Minister of Utilities, Drinking Water and Sewage
- In office 2 August 2012 – 16 July 2013
- Prime Minister: Hisham Qandil
- Preceded by: Office established

Personal details
- Party: National Democratic Party (Formerly) Independent
- Alma mater: Ain Shams University University of Pittsburgh University of Windsor

= Abdel Qawi Khalifa =

Egyptian academic and engineer

Abdel Qawi Khalifa is an Egyptian engineer, academic, former governor of the Cairo province and former minister of water and wastewater utilities, a ministerial office established in August 2012.

==Education==
Khalifa holds bachelor of science and master of science degrees in civil engineering both from Ain Shams University in Cairo.
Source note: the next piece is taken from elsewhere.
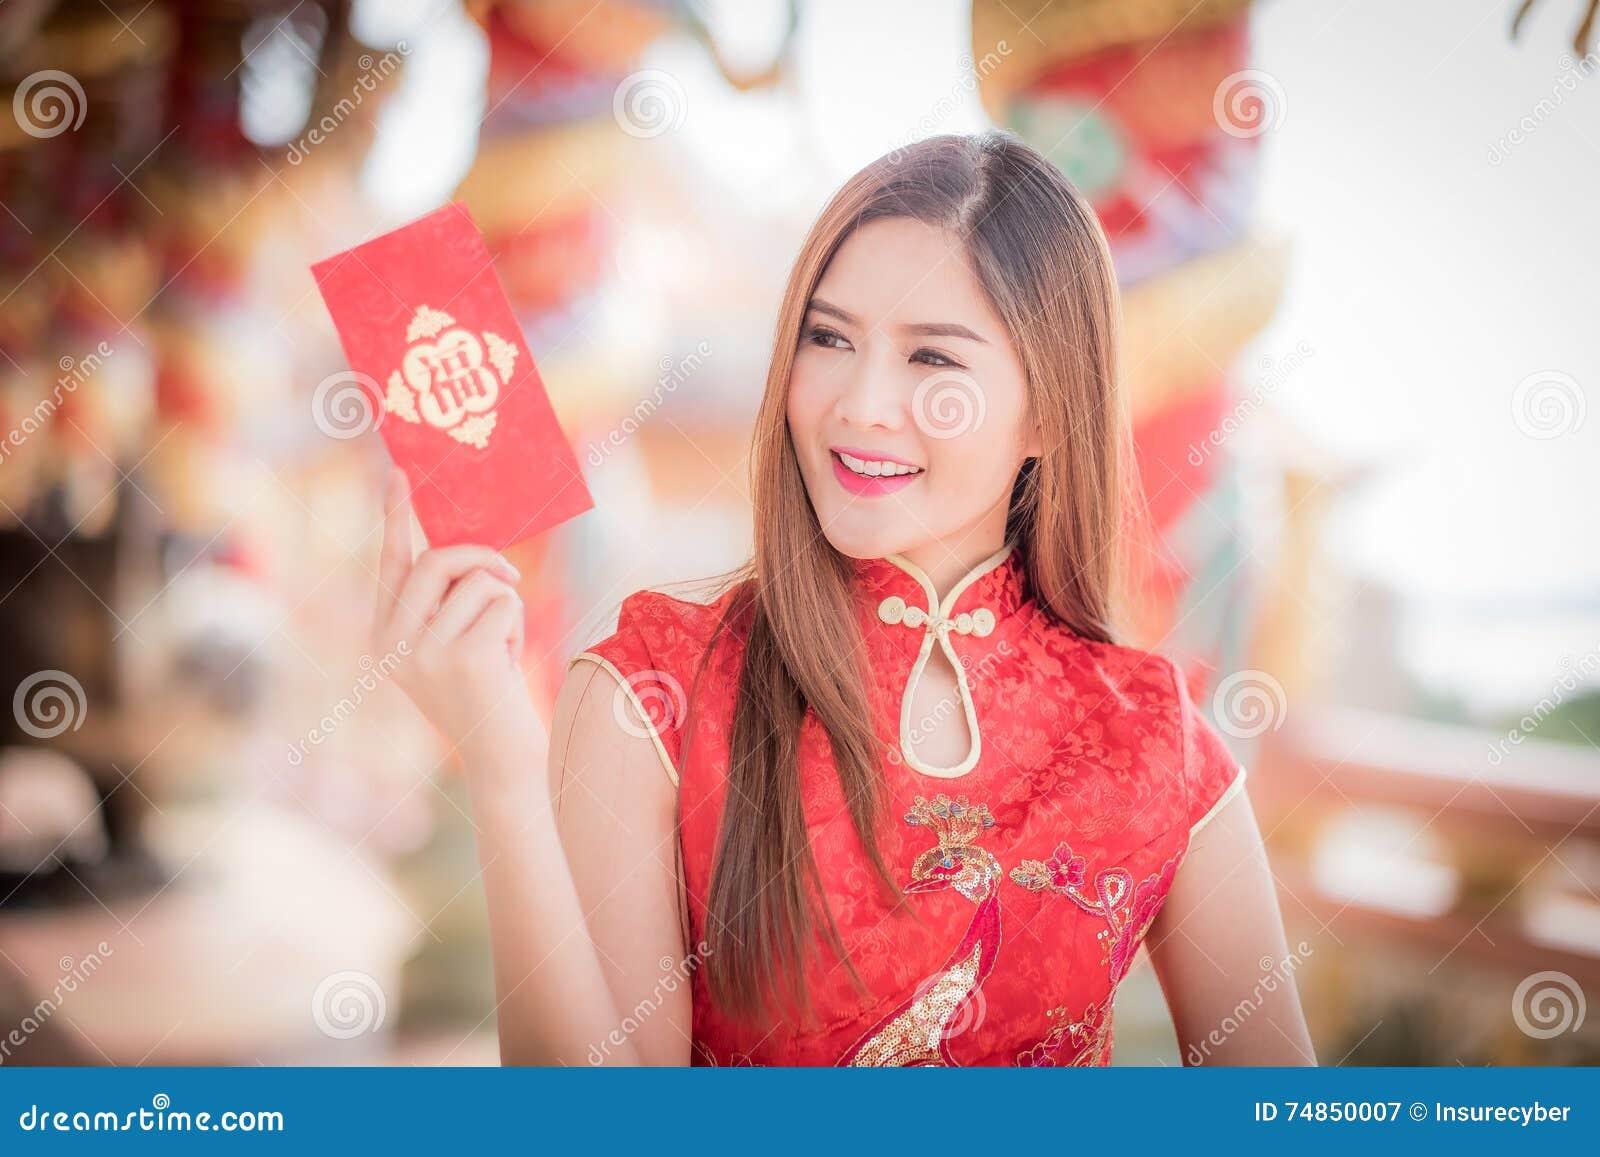 Ασιατική γυναίκα κινεζικό couplet εκμετάλλευσης φορεμάτων «ευτυχές» (κινεζικό W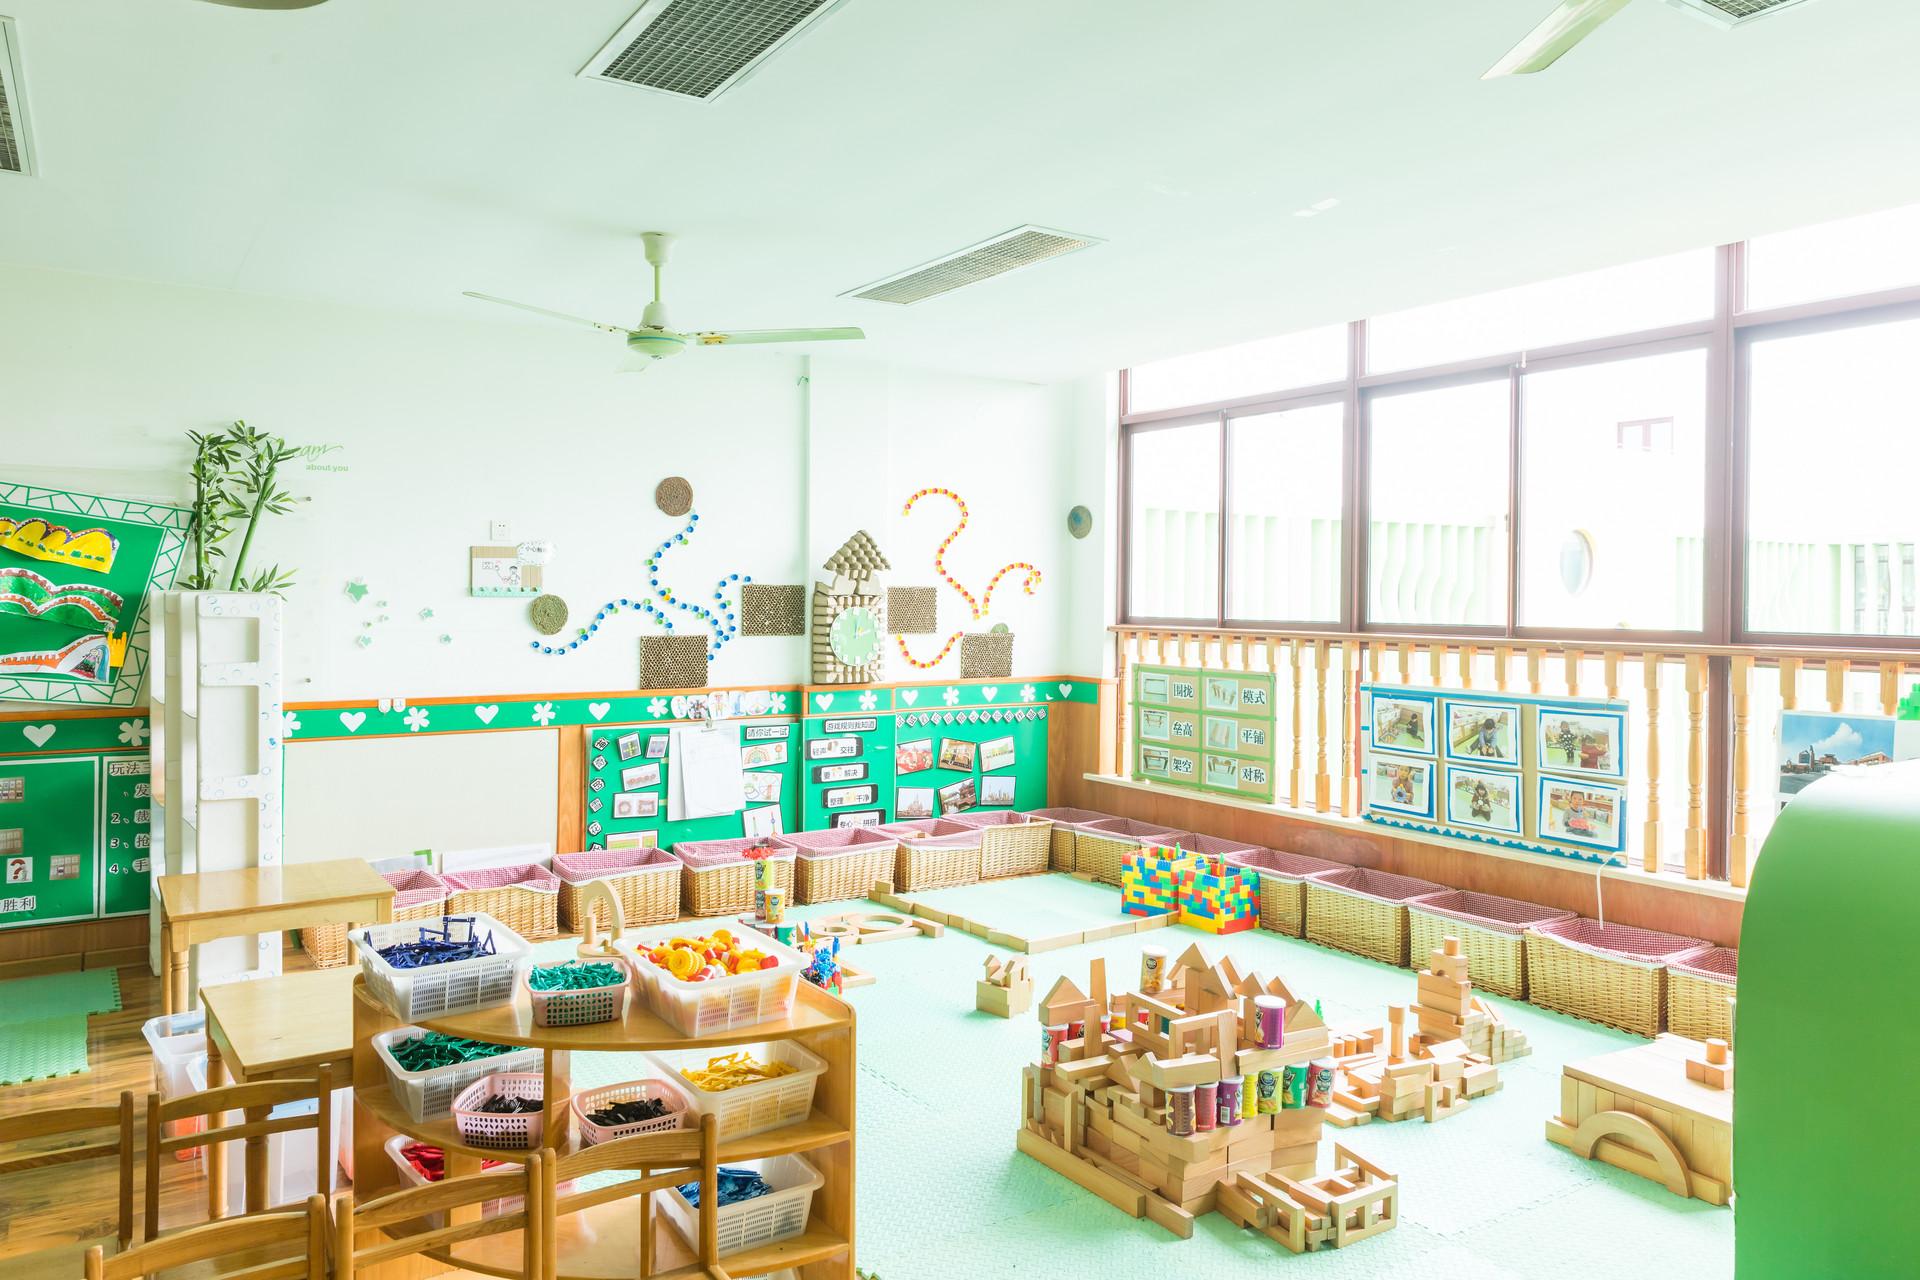 摄图网_501109700_banner_幼儿园教室环境(非企业商用).jpg

He also received a master of science degree in petroleum engineering from the University of Pittsburgh. He obtained a PhD in civil engineering from the University of Windsor in Canada.

==Career==
Khalifa is a university professor. He has a long experience in the fields related to water projects management and civil engineering. He served as a consultant for the hydraulics and sediment research institute at the Egyptian ministry of public works and water resources from 1988 to 1990. Then he dealt with business activities, being the owner of Khalifa Consulting Engineers (KCE) office from 1990 to 2004. He is back again to share the KCE company from 2013 until now.

He worked in the public sector and served as chairman of the Egyptian Holding Company for Water and Wastewater at the Ministry of Housing from 2004 to 2011. Khalifa was appointed governor of Cairo in April 2011. He was the first Cairo governor to be appointed after the Egyptian Revolution that ousted President Hosni Mubarak on 11 February 2011. Khalifa served in the post until August 2012.

Khalifa was appointed minister of utilities, drinking water and sewage in August 2012 as part of the cabinet led by Prime Minister Hisham Qandil, and was an independent minister. His tenure ended on 17 July 2013 when the interim government led by Prime Minister Hazem Al Beblawi was formed.